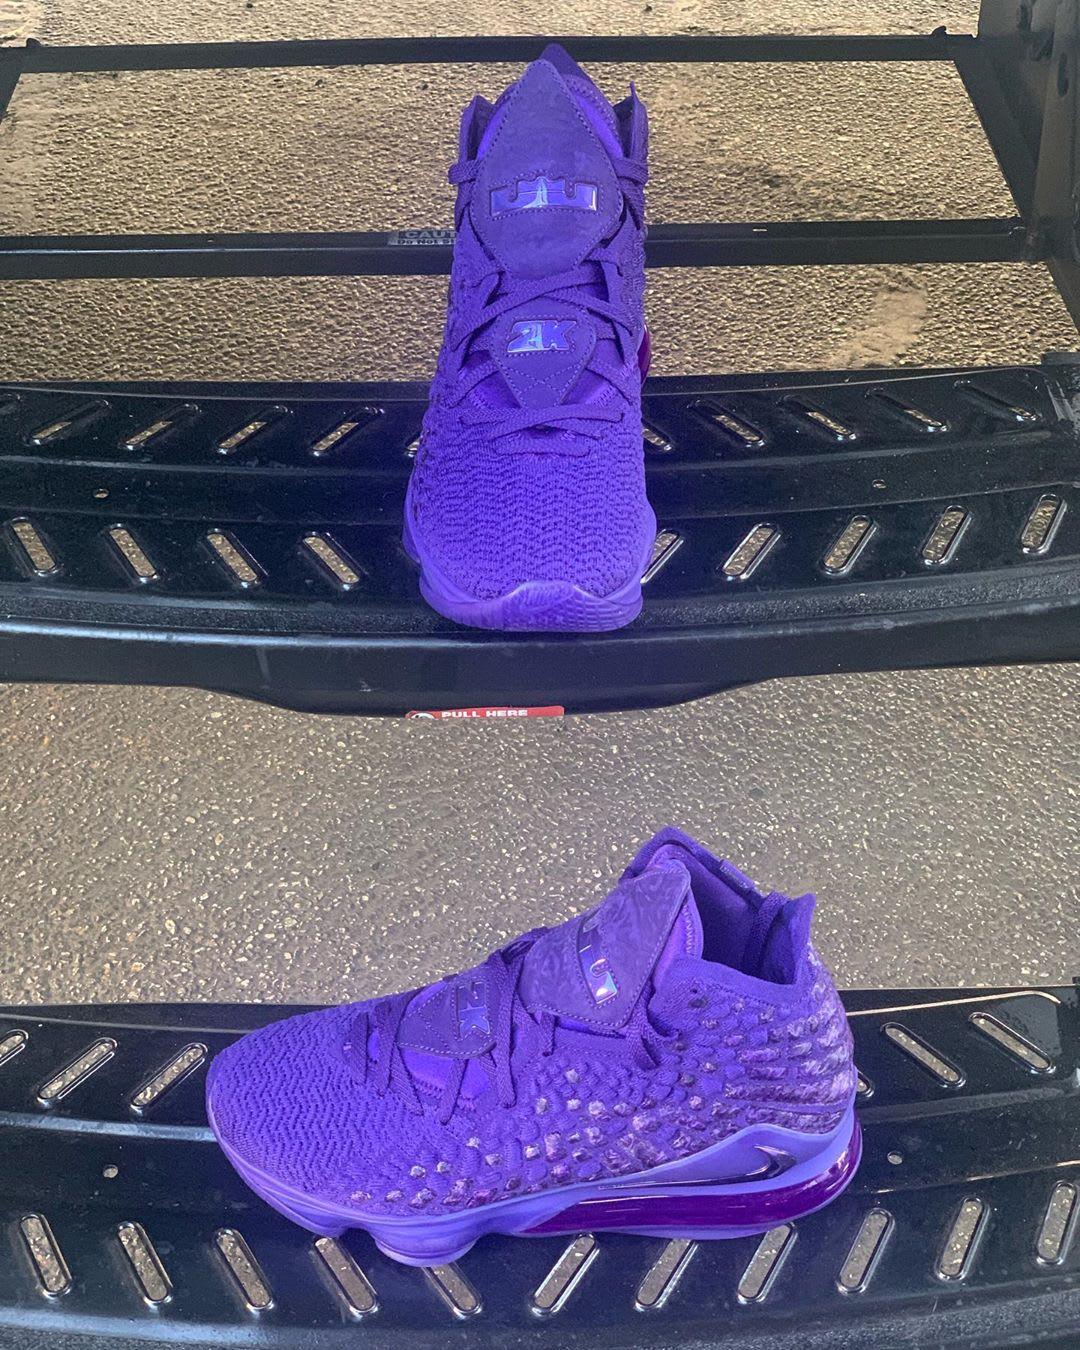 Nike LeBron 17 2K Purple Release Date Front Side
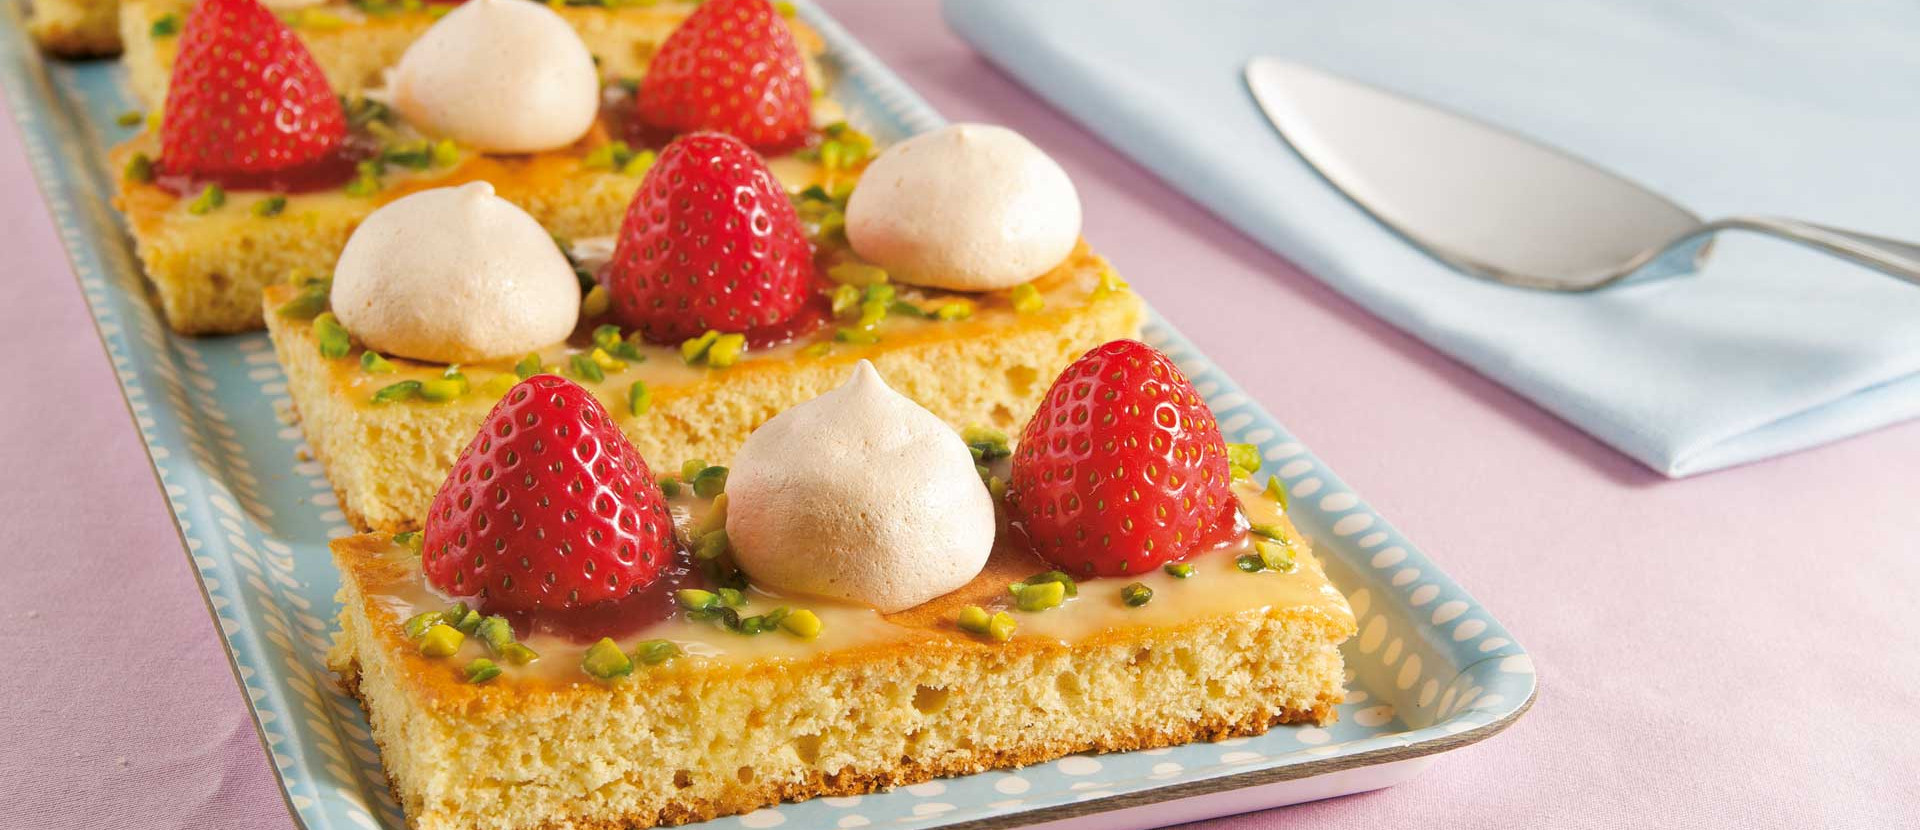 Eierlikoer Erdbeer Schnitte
------------------------------------
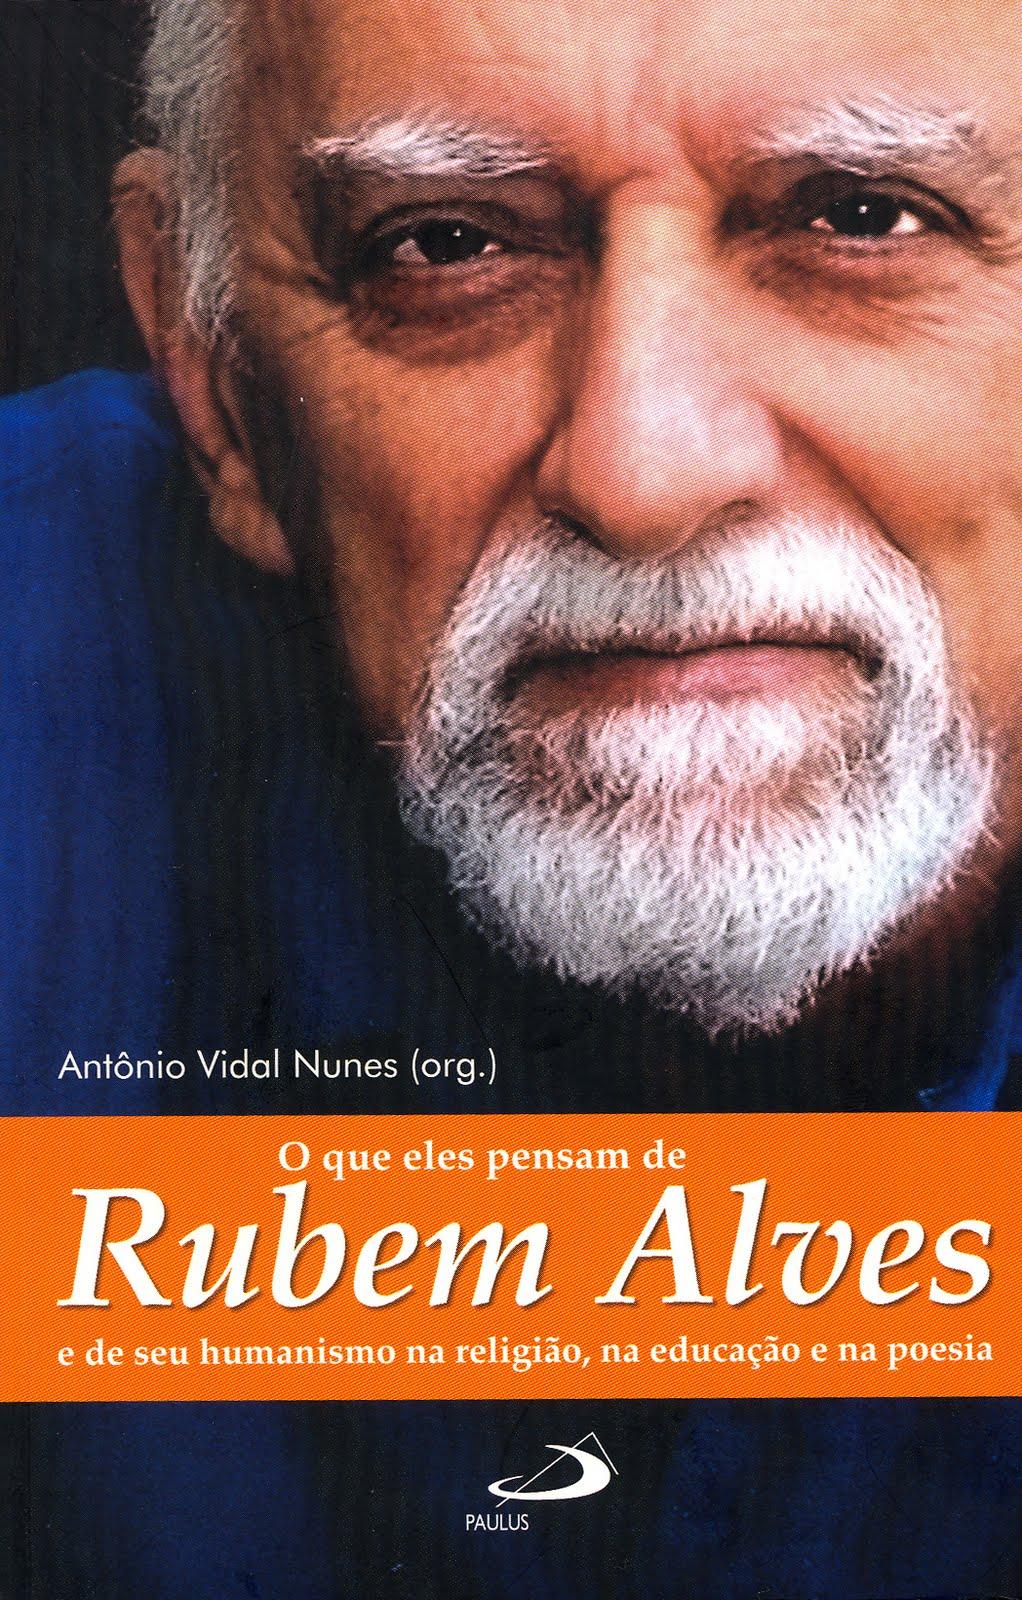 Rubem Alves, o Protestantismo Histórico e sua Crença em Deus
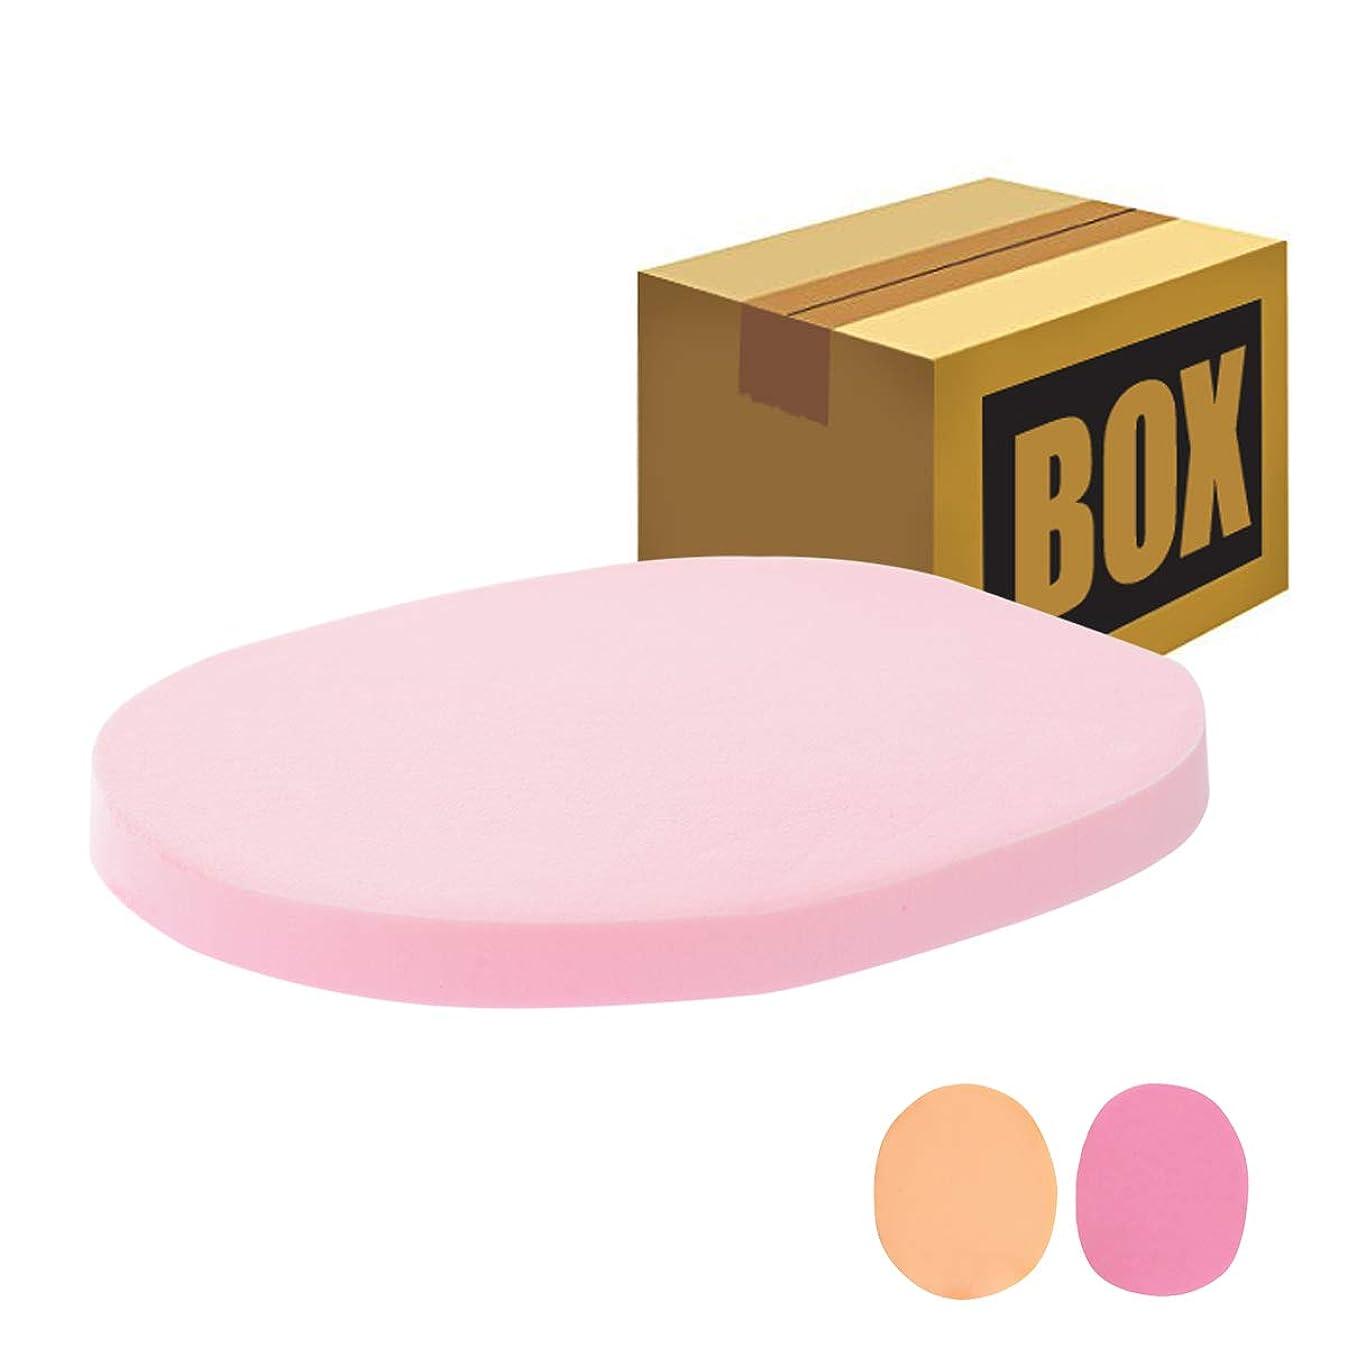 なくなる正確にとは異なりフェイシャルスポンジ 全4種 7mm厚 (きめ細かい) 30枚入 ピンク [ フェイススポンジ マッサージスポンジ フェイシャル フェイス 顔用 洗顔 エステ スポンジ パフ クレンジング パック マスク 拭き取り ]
------------------------------------
Print everything from the line with "Rubem Alves, o" down to the line with "なくなる正確にとは異なりフェイシャルスポンジ 全4種 7mm厚" in the entries above, both lines included and nothing more, without the pictures.

■ Exercise answer ■
 Rubem Alves, o Protestantismo Histórico e sua Crença em Deus
 なくなる正確にとは異なりフェイシャルスポンジ 全4種 7mm厚 (きめ細かい) 30枚入 ピンク [ フェイススポンジ マッサージスポンジ フェイシャル フェイス 顔用 洗顔 エステ スポンジ パフ クレンジング パック マスク 拭き取り ]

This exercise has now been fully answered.